Colo.Const. art. III provides that:

"The powers of the government of this state are divided into three distinct departments,the legislative, executive and judicial; and no person or collection of persons charged with the exercise of powers properly belonging to one of these departments shall exercise any power properly belonging to either of the others, except as in this constitution expressly directed or permitted."
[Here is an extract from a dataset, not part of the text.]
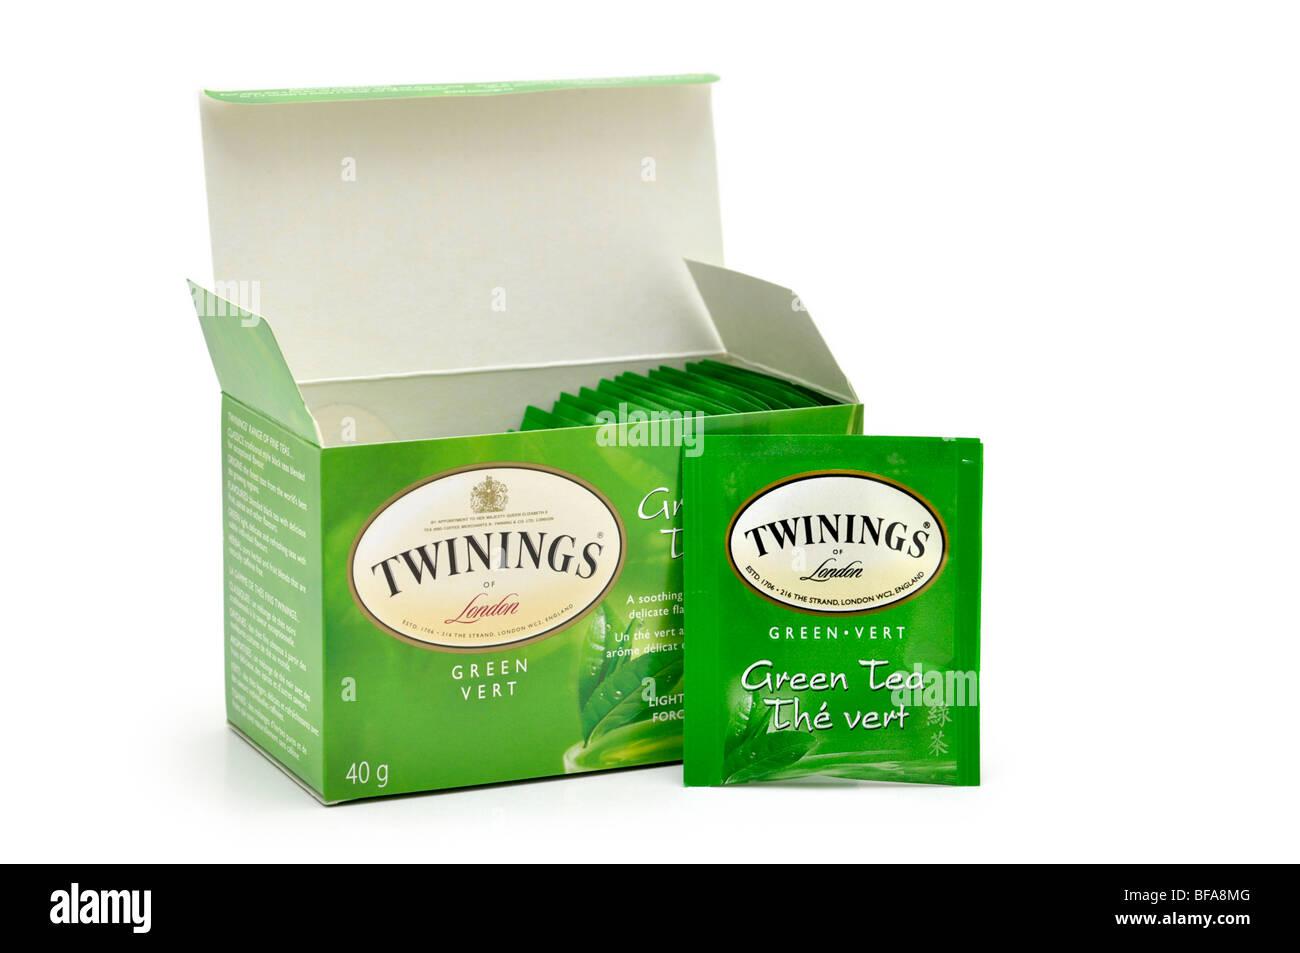 Twinings Green Tea Stock Photos Amp Twinings Green Tea Stock

The parties are in agreement that, subject to constitutional limitations, the General Assembly has plenary or absolute power over appropriations and that it may attach conditions upon the expenditure thereof. It follows that the General Assembly can appropriate state moneys conditioned upon the receipt of matching federal moneys.
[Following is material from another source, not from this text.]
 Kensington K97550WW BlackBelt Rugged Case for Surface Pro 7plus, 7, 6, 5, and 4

In contrast, there is not here involved any appropriation of state funds. Rather, § 2(d) is an attempt to limit the executive branch in its administration of federal funds to be received by it directly from agencies of the federal government and unconnected with any state appropriations. In fact such funds, to be received in the future, may often be unanticipated or even unknown at the time of the passage of the bill.

The Colorado Constitution merely states in effect that the legislature cannot exercise executive or judicial power; that the executive cannot exercise legislative or judicial power; and that the judiciary cannot exercise executive or legislative power. It does not prescribe exact limits of the respective powers. The dividing lines between the respective powers are often in crepuscular zones, and, therefore, delineation thereof usually should be on a caseby-case basis. State ex rel. Meyer v. State Board of Equalization and Assessment, 185 Neb. 490, 176 N.W.2d 920 (1970).

The legislative power is the authority to make laws and to appropriate state funds. The enforcement of statutes and administration thereunder are executive, not legislative, functions. Springer v. Philippine Islands, 277 U.S. 189, 48 S. Ct. 480, 72 L. Ed. 845 (1928).

The power of the General Assembly to make appropriations relates to state funds. Bedford v. People ex rel. Tiemann, 105 Colo. 312, 98 P.2d 474 (1939). Custodial funds are not state moneys. Stong v. Industrial Commission, 71 Colo. 133, 204 P. 892 (1922). As we read Bedford v. People ex rel. Tiemann, supra, it supports the proposition that federal contributions are not the subject of the appropriative power of the legislature.

The appellees have made the argument that § 2(d) was not an item subject to the veto power conferred by Colo.Const. art. *611 IV, § 12, and the Attorney General has not taken issue. We do not reach the question in the light of our ruling that the limitation was void, irrespective of a veto. Neither do we reach the following other issues which have been argued: (1) that, by reason of a number of statutes which grant power to the Governor, he should not be so limited; (2) that the legislative limitation conflicts with federal legislation making the funds available to the state; and (3) that the limitation is void by reason of conflict with Colo.Const. art. V, § 32. We simply hold that § 2(d) is unconstitutionally void as an infringement upon the executive function of administration.

In the one particular here considered, the declaration of the district court is reversed.

HODGES and ERICKSON, JJ., did not participate.